No âmbito das ações emergenciais, o Estado está também concentrado em trazer água de novas fontes ainda não exploradas e fazer o saneamento do estoque da represa Billings. Além disso, há ações de médio e longo prazo. O Sistema Produtor São Lourenço está sendo construído por meio de parceria público-privada e deve ficar pronto em dois anos. Quando concluído, o novo complexo terá capacidade de tratar 4,7 mil litros de água por segundo para atender à Região Metropolitana de São Paulo.
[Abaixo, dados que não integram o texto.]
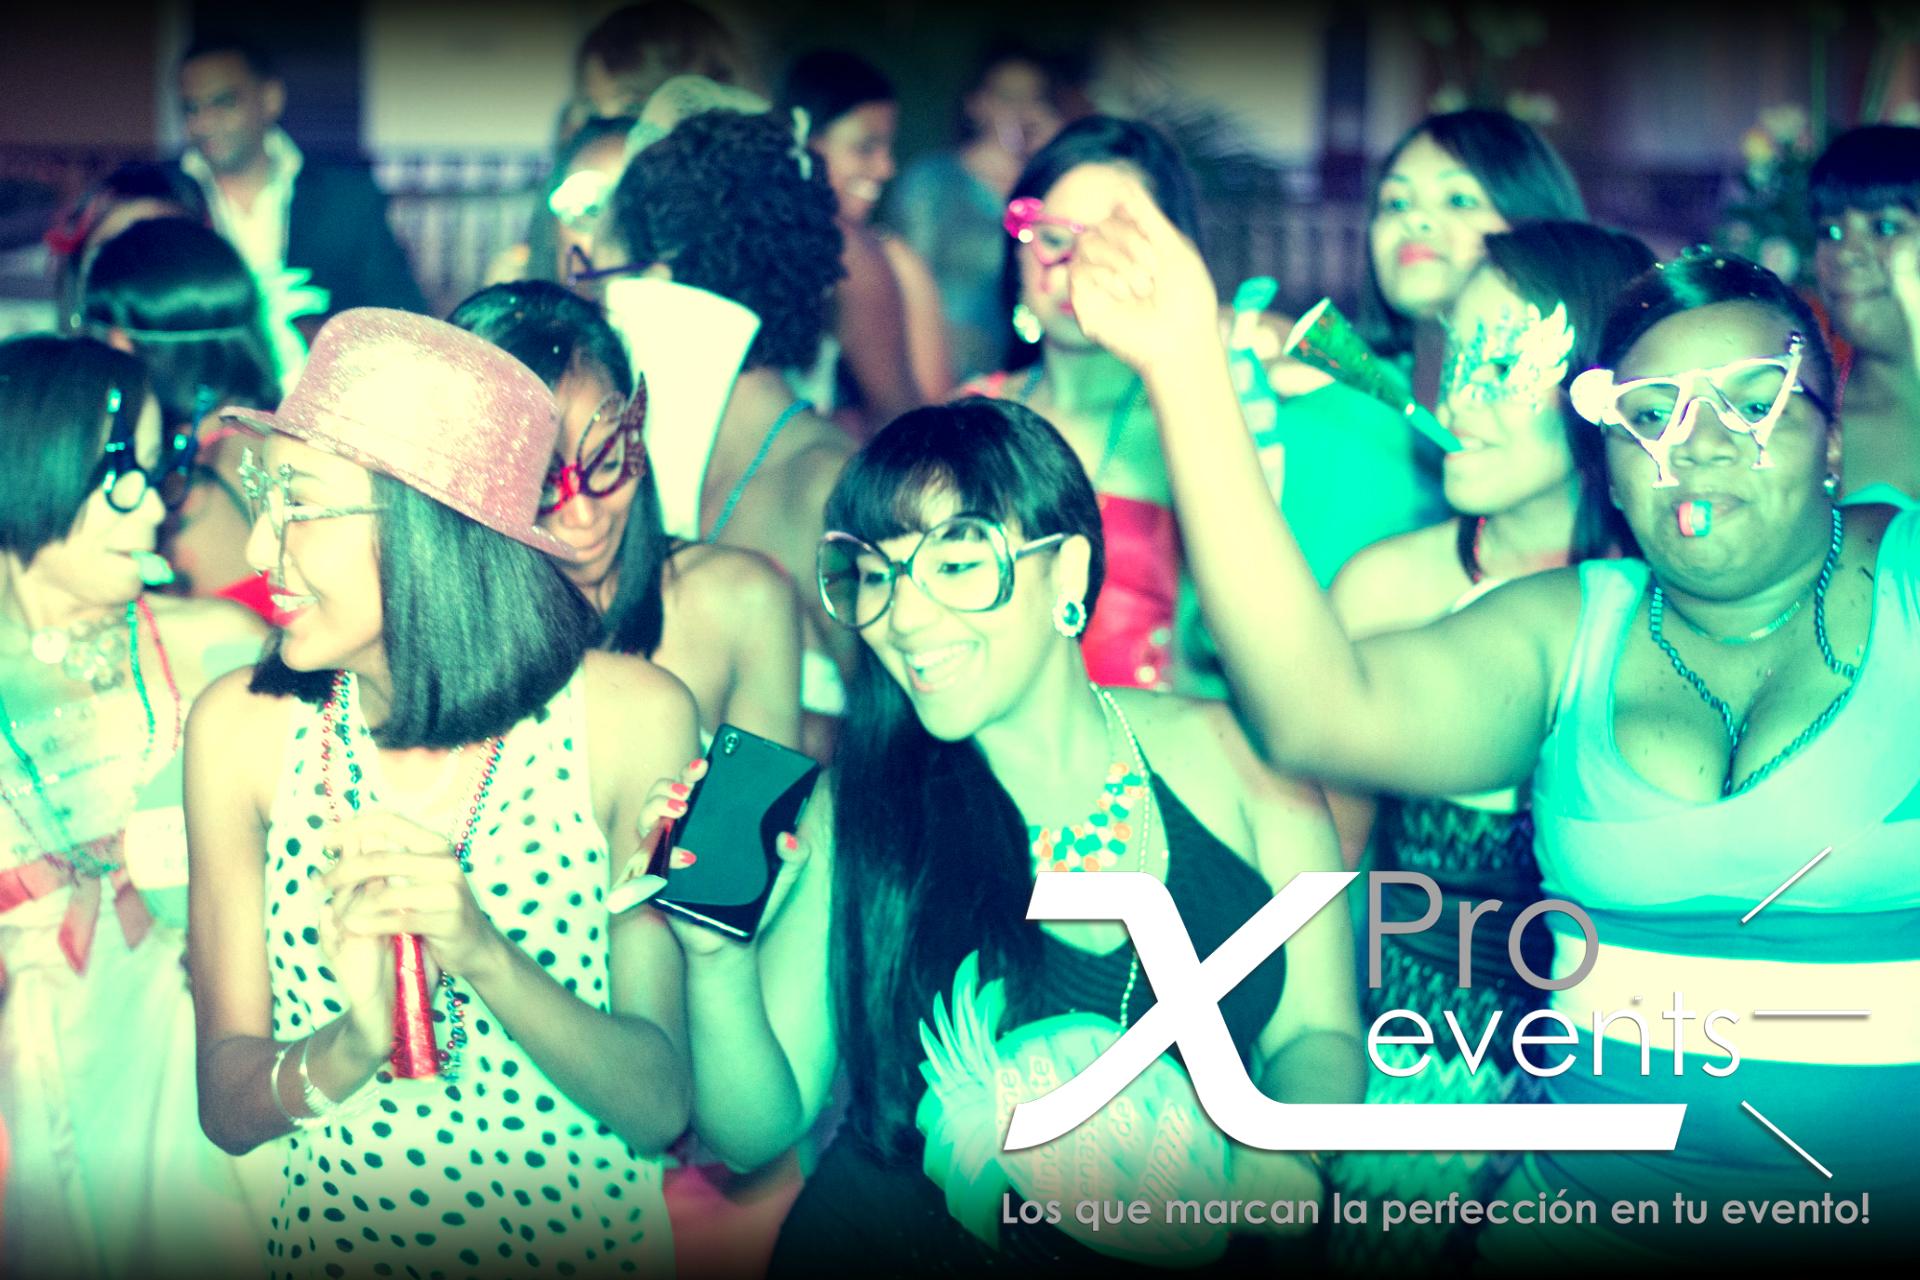 www.Xproevents.com - Se armo la fiesta con X Pro events.jpg

A água será retirada da Cachoeira do França, em Ibiúna, e percorrerá a distância de 83 quilômetros.
A Sabesp lançou ainda no dia 30 de janeiro o edital para a transposição entre a Represa Jaguari,da Bacia do Paraíba do Sul, e Atibainha, da Bacia do Sistema Cantareira. A vazão média será de 5,13 mil litros por segundo, e a obra deverá estar pronta em um ano e meio.
Entre as possibilidades aventadas por alguns especialistas – como a dessalinização da água do mar –, Sampaio não expressa muito otimismo. “Dessalinizar tem um custo menor hoje, mas ainda é caro. Além disso, exige um uso muito intensivo de energia elétrica para trazer a água para o planalto”, afirma. Para ele, a saída é viável apenas para regiões costeiras. Daí por que não está nos planos atuais do governo
Do lado da demanda, o primeiro passo – ao que tudo indica, já está acontecendo – é a conscientização do consumo, ainda muito elevado para padrões internacionais. “Aqui, o consumo per capita de água é acima de 200 litros por dia. Poderia chegar a 100 litros, como muitos países europeus”, diz o executivo.
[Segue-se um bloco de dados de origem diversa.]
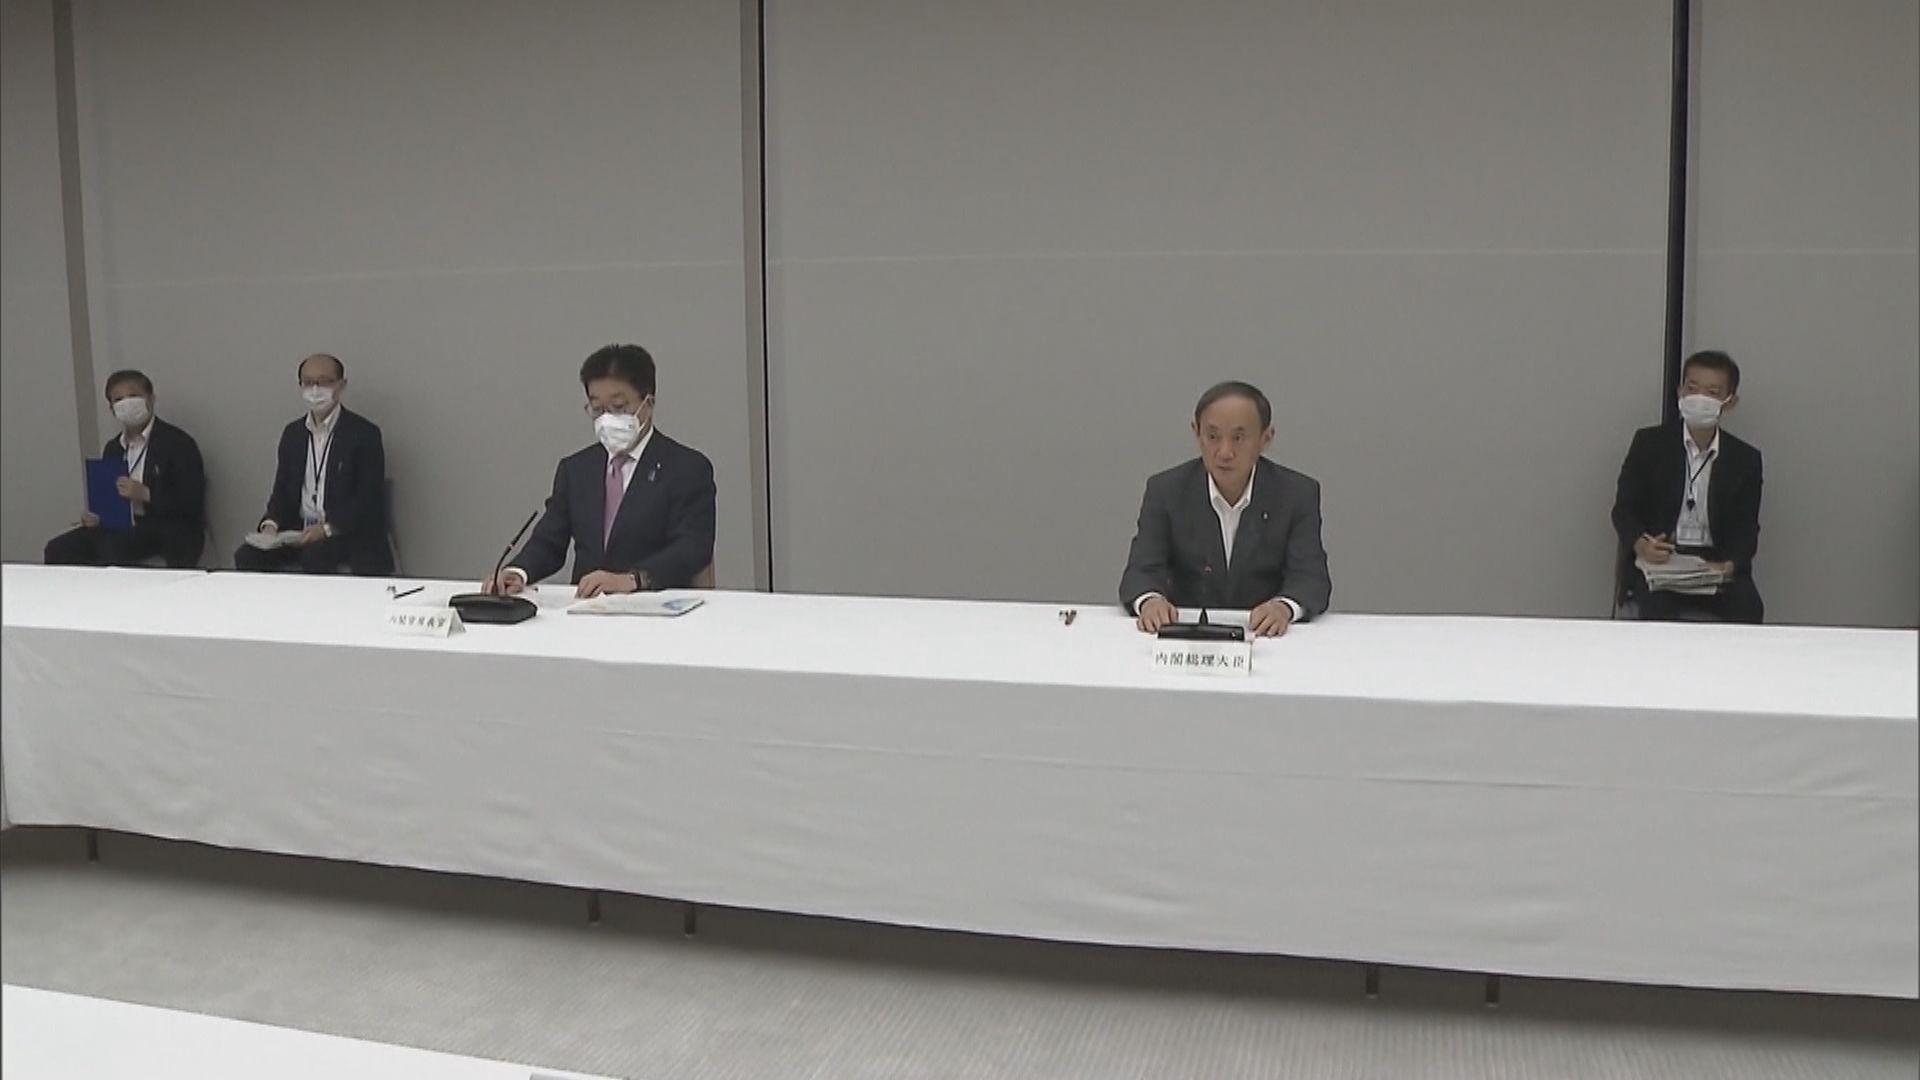 日揆決定向北海道等八個道縣發布緊急事態宣言

Para o médio e longo prazo, objetivo é substituir maciçamente os aparelhos sanitários, “porque eles estão velhos. As antigas caixas contêm 16 litros; hoje há de seis. Também é preciso substituir chuveiros e torneiras”.
Para incentivar as pessoas a fazerem essa substituição, o governo estuda diversas iniciativas: a redução de IPTU quando há economia de água, já está sendo elaborado por um programa chamado IPTU Verde, e a isenção de ICMS dos aparelhos mais econômicos. Uma terceira forma seria pagar os vasos, torneiras e chuveiros para a população menos favorecida. “A custo zero, o governo entrega o bem novo e manda o velho para a reciclagem.”
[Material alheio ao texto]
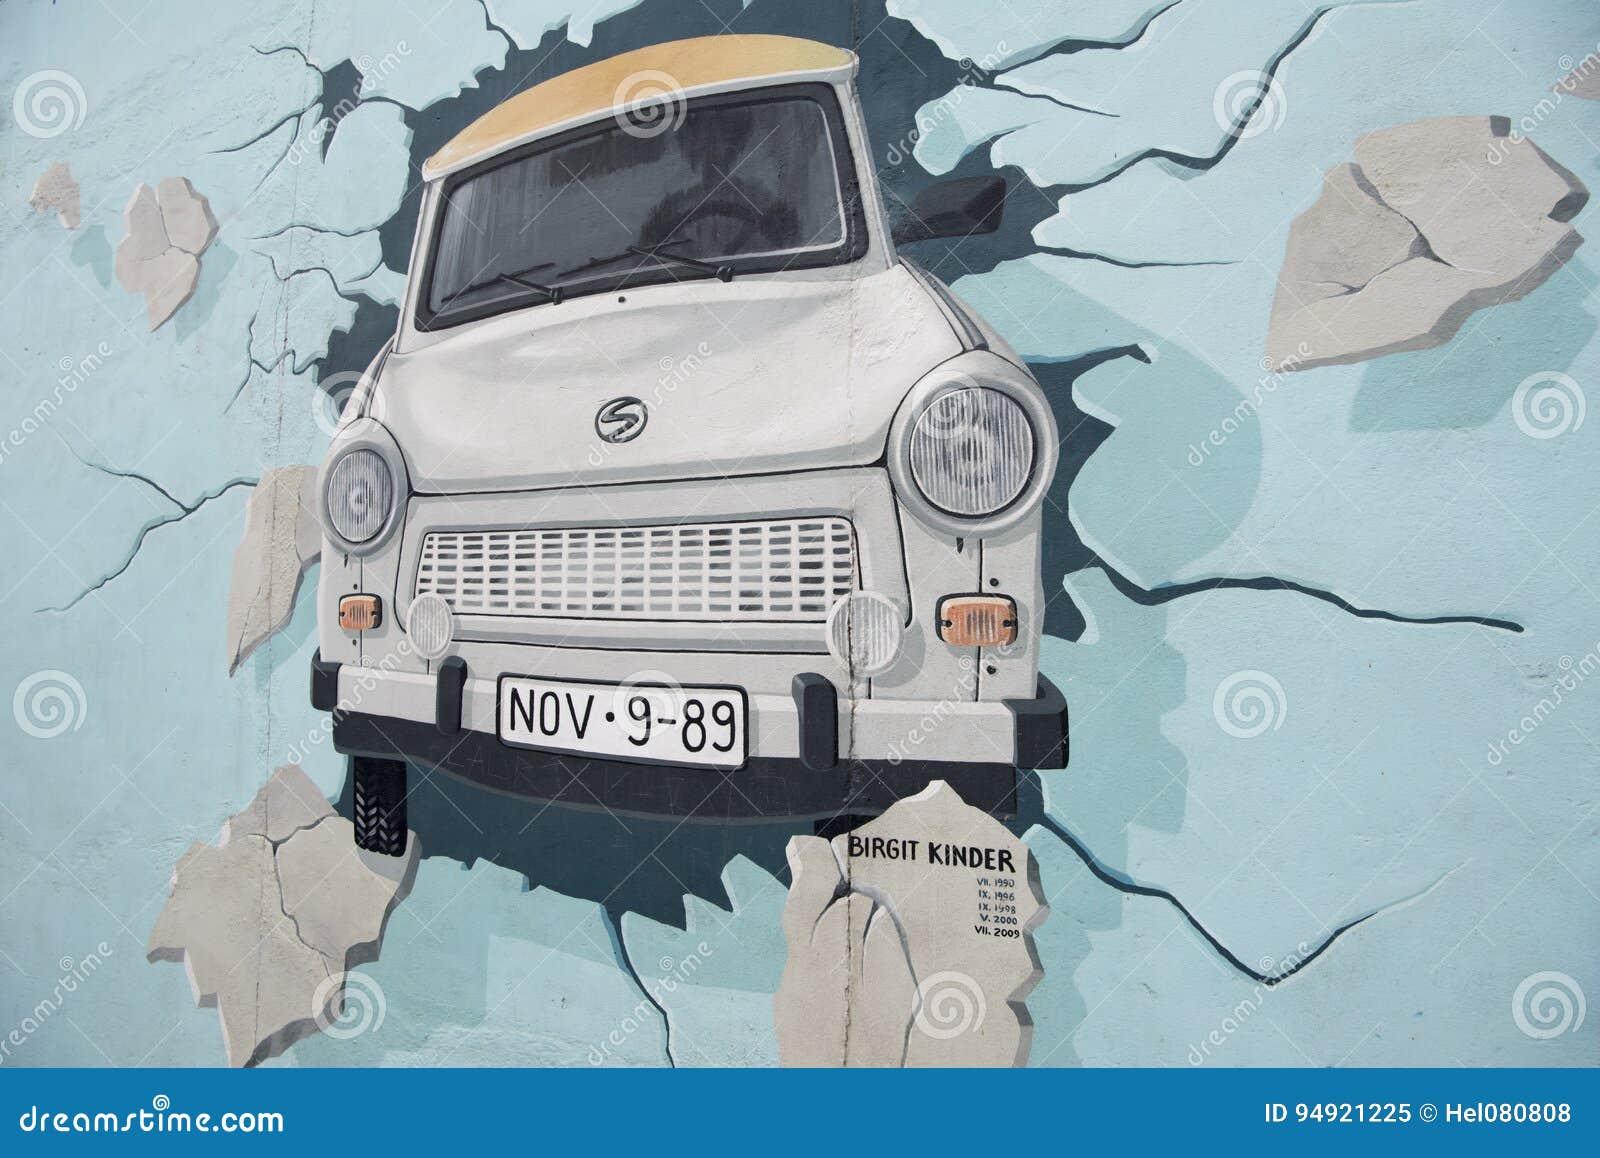 Βερολίνο, ο τοίχος, ζωγραφική, στοά ανατολικών πλευρών

Esses programas, segundo o especialista, deverão estar prontos até o fim de março. As negociações estão em curso com os vários atores envolvidos: prefeitura, Fiesp e Sinduscon, entre outros. “Isso foi feito em Nova York e na Cidade do México. Os resultados, evidentemente, levam de um a três anos.” Uma última iniciativa seria o controle mais incisivo de perdas. Hoje, o desperdício na Sabesp está acima de 30% de perda total. Em termos reais, que são os vazamentos, é de 20%. No Japão, esse indicador baixou a 8%. “Aqui, chegar a 16% seria uma coisa muito boa.” Para alcançar esse intento, a Sabesp vai investir R$ 5,9 bilhões em cinco anos.
No desespero, muitos habitantes e estabelecimentos comerciais estão construindo seus próprios poços e cisternas, o que feito atabalhoadamente preocupa o engenheiro. Isso porque é preciso observar regras mínimas de salubridade. Há riscos também de rebaixamento do solo e contaminação da água. “Sou entusiasta das iniciativas, mas tem de fazer com acompanhamento técnico, porque pode haver problemas sanitários, como o surgimento do mosquito que transmite a dengue.” O Estado não prevê lançar um programa de cisternas, aos moldes do bem-sucedido projeto feito no Nordeste. São necessários muitos estudos, de longa duração, e “nós fomos atropelados pela seca”, diz Sampaio.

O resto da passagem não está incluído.